Sirius XM is now heavily dependent on the auto industry to get new receivers into the market and, thus, new subscribers. But the CEO insists that the drop off in new car sales won’t be a problem. In a worst case scenario, he figures 12 million cars will still be sold and half will leave the factory with a satellite radio receiver in the dash. About half then will be converted to paying customers. “That will get us up to $300 million revenue growth even if Detroit has a very bad year. Even in a market where cars are not doing well, we can still feel successful,” Kaplan quoted Karmazin as saying.

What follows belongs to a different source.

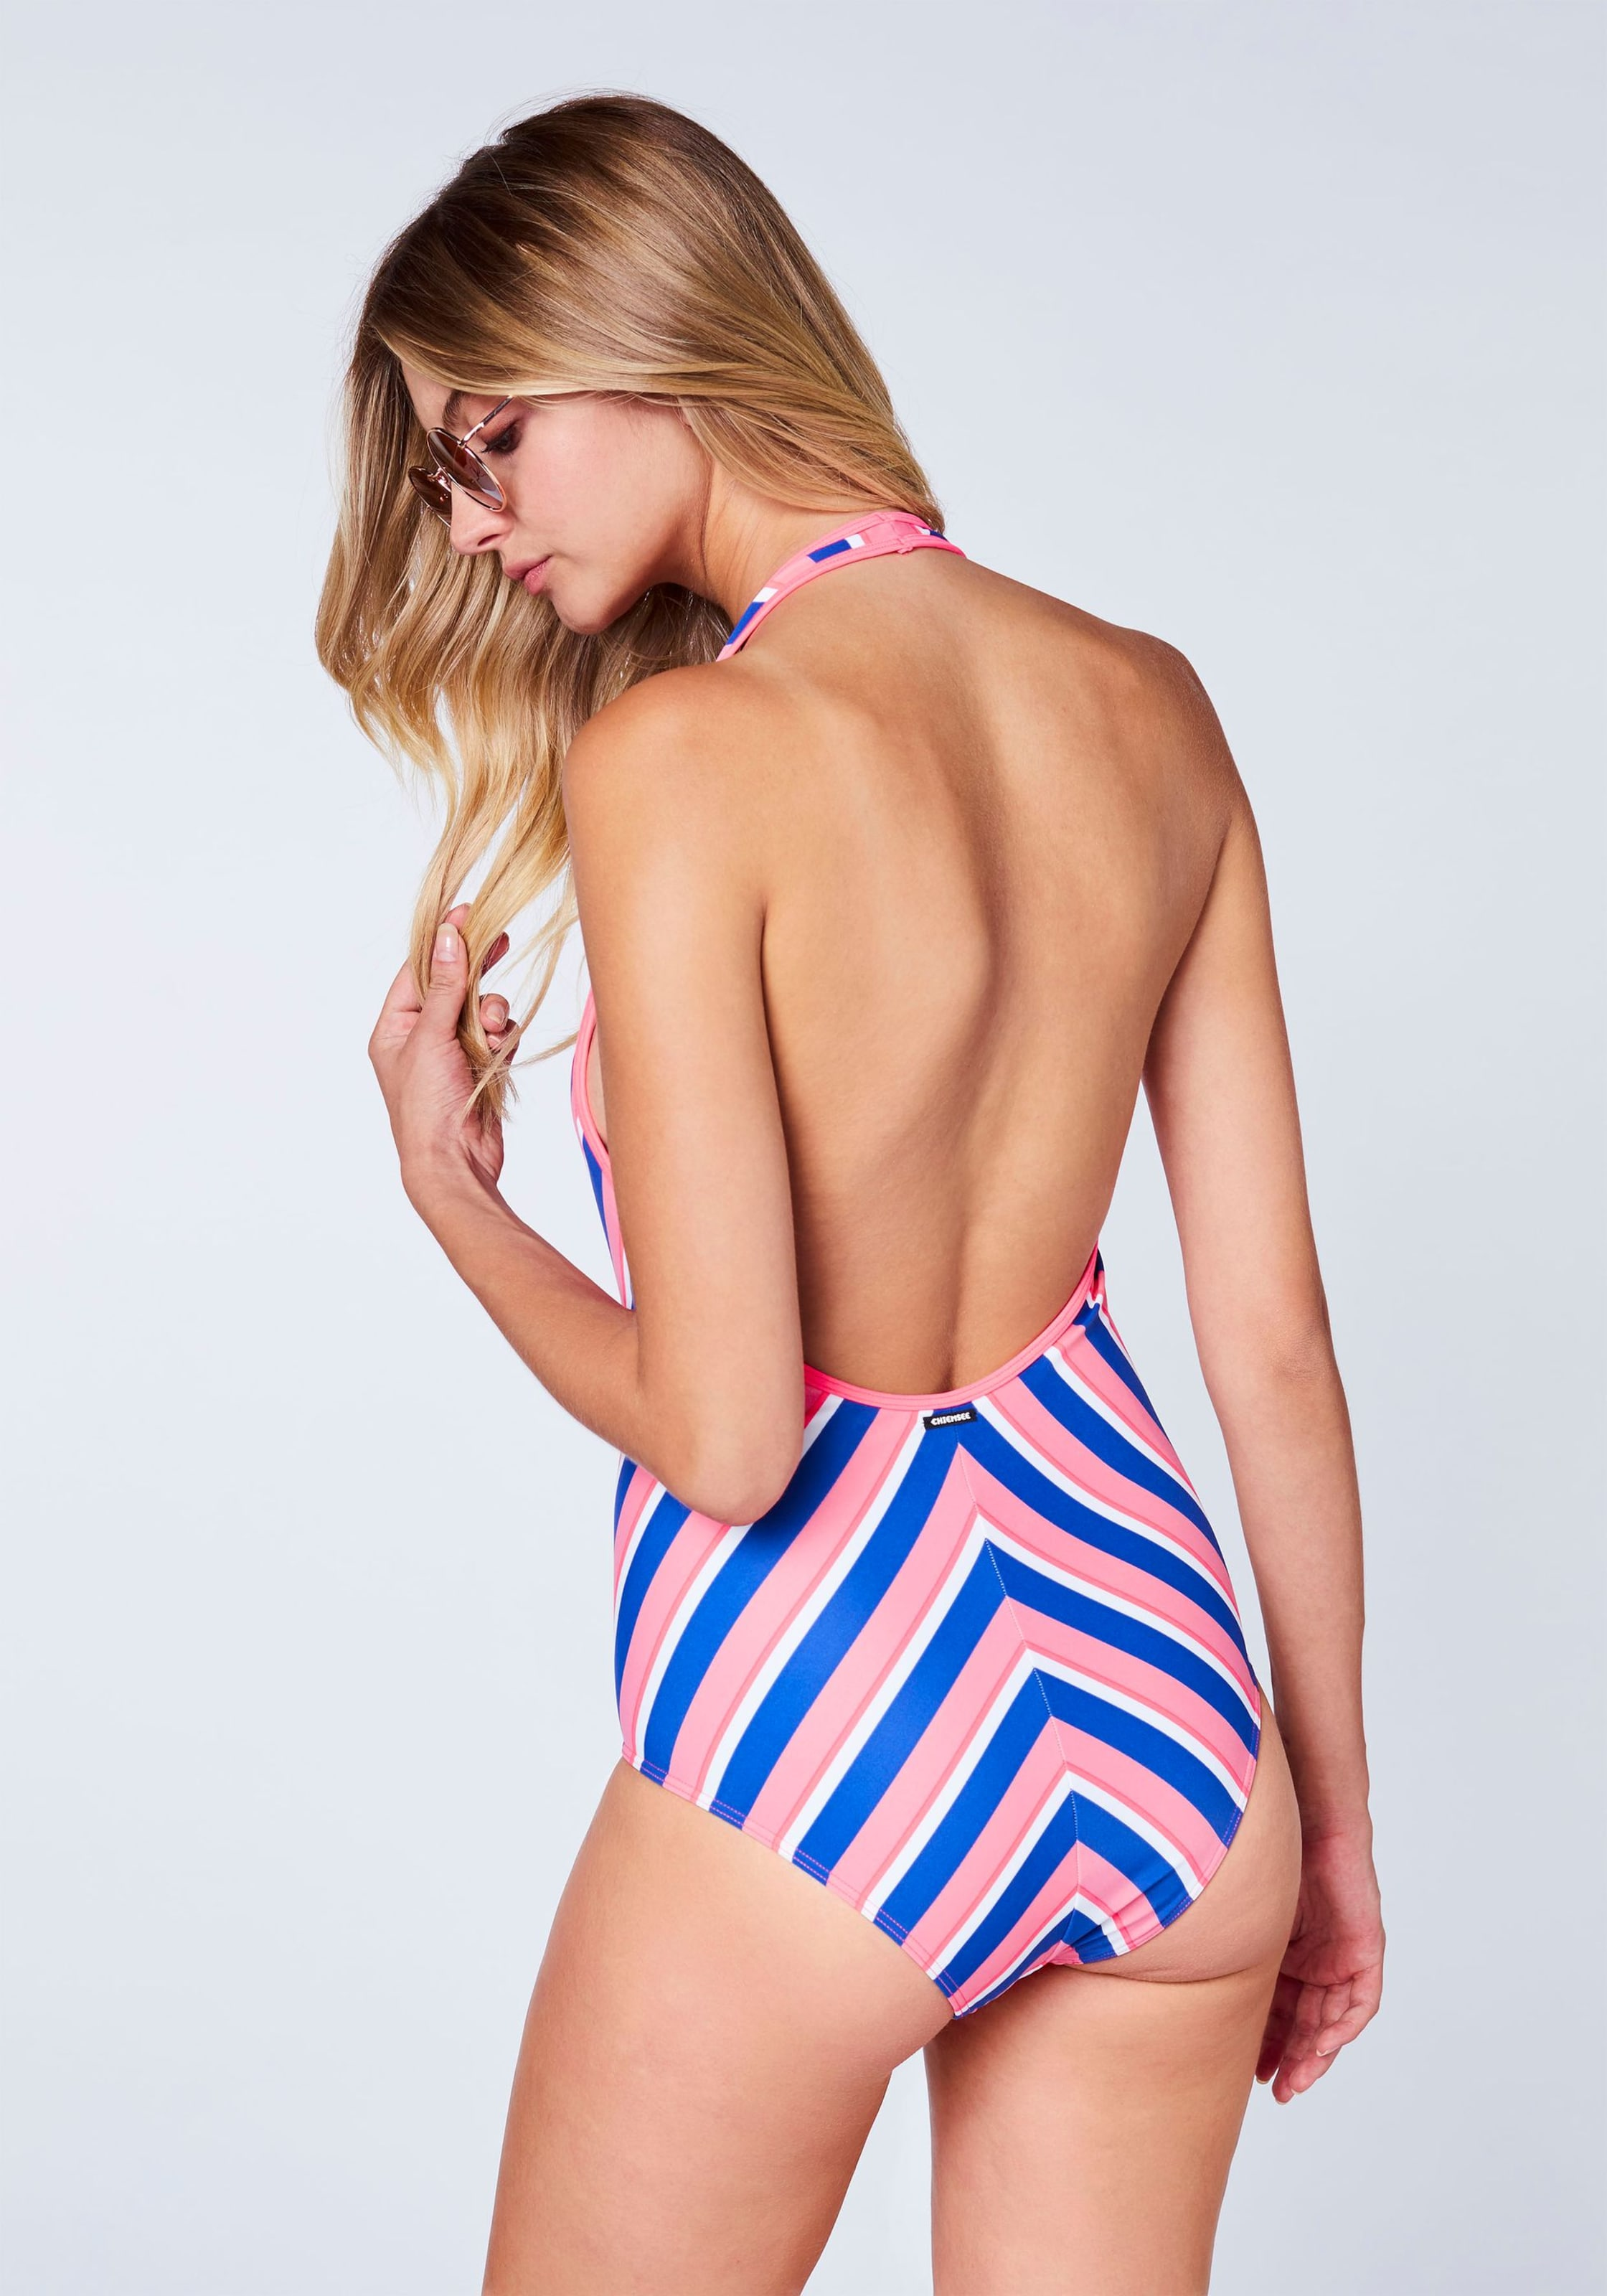 Chiemsee 'acapulco En Maillot De Beach Noir Bain WomenSwimsuits' PkZuXiO
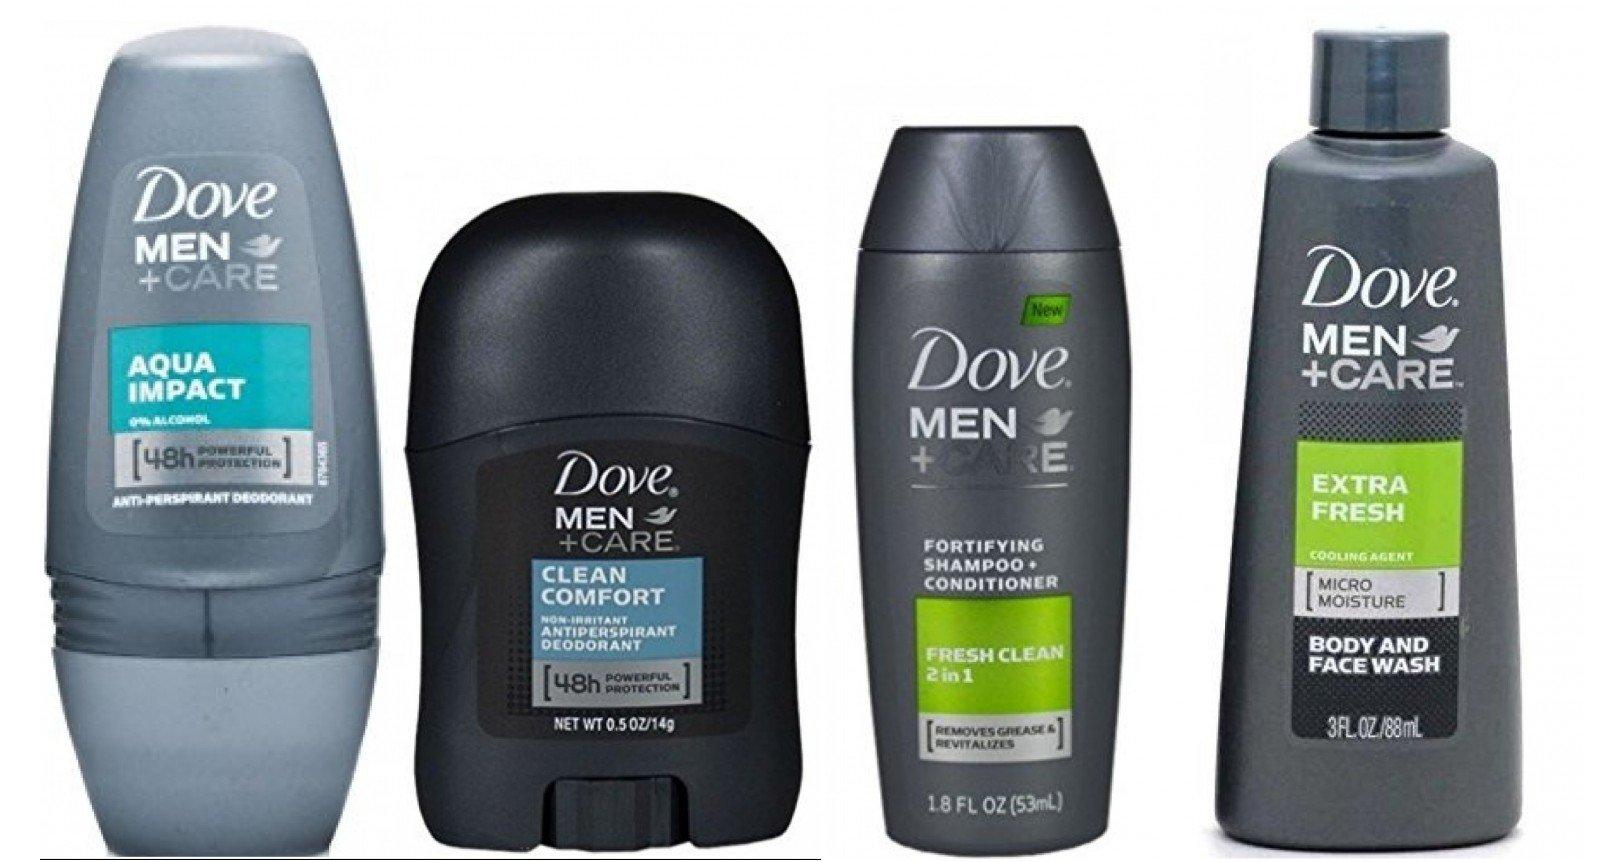 Buy Dove Mens Deodorant Body Wash Extra Fresh Aqua Impact Roll On 2 In 1 Shampoo Conditioner Travel Size In Cheap Price On Alibaba Com

Don’t expect to see Karmazin show up on Capitol Hill to embrace Rep. Ed Markey’s (D-MA) requiring satellite receivers to also receive HD Radio signals from AM and FM stations. The Sirius XM CEO denounced the idea, claiming it would drive up new car prices.

RBR/TVBR observation:
$1 billion+ refi? We’ll believe it when we see it. First Mel has to get Sirius XM into positive EBITDA for the first time in the history of either of the merged companies. The math detailing all of the synergies from combining Sirius and XM into a monopoly satellite radio company doesn’t mean a thing until the savings become real and the company finally starts spending less on operating costs than it is bringing in from subscriptions and advertising. And even once that difficult hurdle is cleared, Mel still has to persuade lenders that satellite radio is worth financing at a time when many, many companies with much better balance sheets are looking to borrow. If he can find money to borrow, just how much will it cost?